Malumunuz Almanca’yla mücadelem dillere destan, simdilerde biraz daha normal bir iliski yasasak da bazen ‘ay ben bu dili sittin sene ögrenemeyecegim’ diye isyan ediyorum. Bu isyanlarim sirasinda bir gün eksisözlük’teki Almanca basligindan yardim istemistim (yakinda Avrupa Insan Haklari Mahkemesine basvuracagim Almanca insan haklarini cigneyen bir dildir diye asdflkjasklds 🙂 ) Neyse sözlük yazari arkadaslardan detayli ve cesaret veren mesajlar aldim ve ailenizin amme hizmetini görev edinmis bloggeri olarak bazi mesajlari sizinle de paylasmak istedim, oradaki yöntemleri kullanmak istersiniz ya da benim düzenledigim imza kampanyasina katilip AIHM’e yaptigim basvuruya imza atarsiniz asdsllaksasdsfgd 🙂
@abicokiyiya:
“öncelikle geçmiş olsun, sıkıntılarınızı çok iyi anlıyorum. okulda almanca dersi 3 yıl, kursta da 2 yıl çalışıp 1 sene almanya’da okumuş biri olarak size bazı tavsiyeler vereceğim. benim de almancam b2 düzeyindeydi almanya’ya gittiğimde.
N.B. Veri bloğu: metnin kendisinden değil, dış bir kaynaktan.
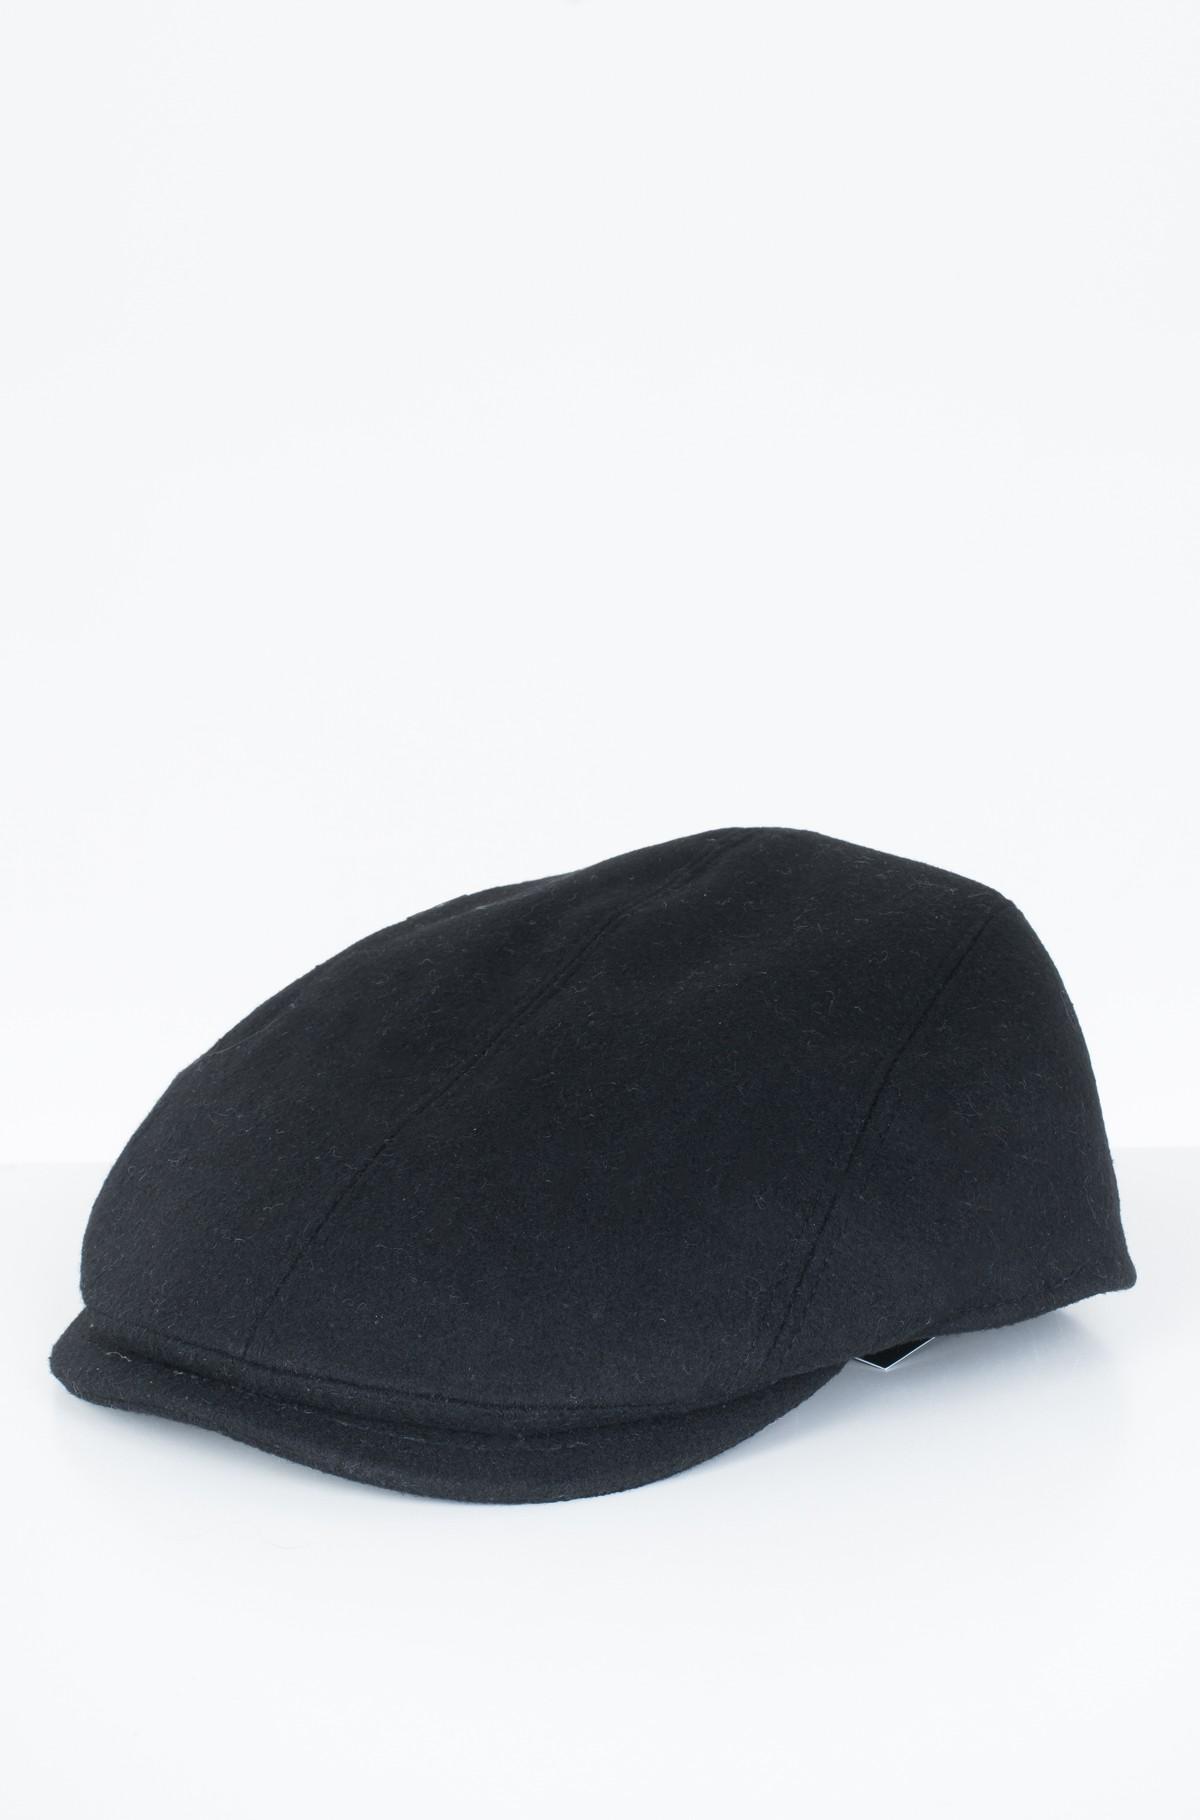 Tvido kepurė 8350284-full-1

öncelikle almanca, dil yapısı olarak ingilizceden çok farklıdır. gerek çekimleri ve kelime yapısı olsun, gerek gün geçtikçe zorlaşması ve anlaşılmasının zor olması olsun, buna ingilizce gibi çalışmayı ve kolayca anlayabilmeyi beklemeyin. ingilizce’nin grammer konuları kurlar ilerledikçe zorlaşır, almanca’da tam tersi, ilk kurlar çok zordur çünkü 3-4 kelimeli en basit cümleyi kurmak için bile fiil çekimi-artikel dönüşümü- zaman zarfını nereye koyacağınız-ayrılabilen fiillerin kuralı- modalverb varsa onlara göre çekimler gibi bir sürü şeyi bir arada kullanmanız gerekir. bunları a1-a2 seviyesinde öğrenmek zorunda olduğunuz için almanca’ya ilk başlayanlar sıkılıp 2 ay sonra bırakır. nereye kadar öğrendiğini sorduğum arkadaşlarımın çoğu a2’ye gelmeden bırakmıştı. bu yüzden zorlanmanız çok normal, panik yapmayın.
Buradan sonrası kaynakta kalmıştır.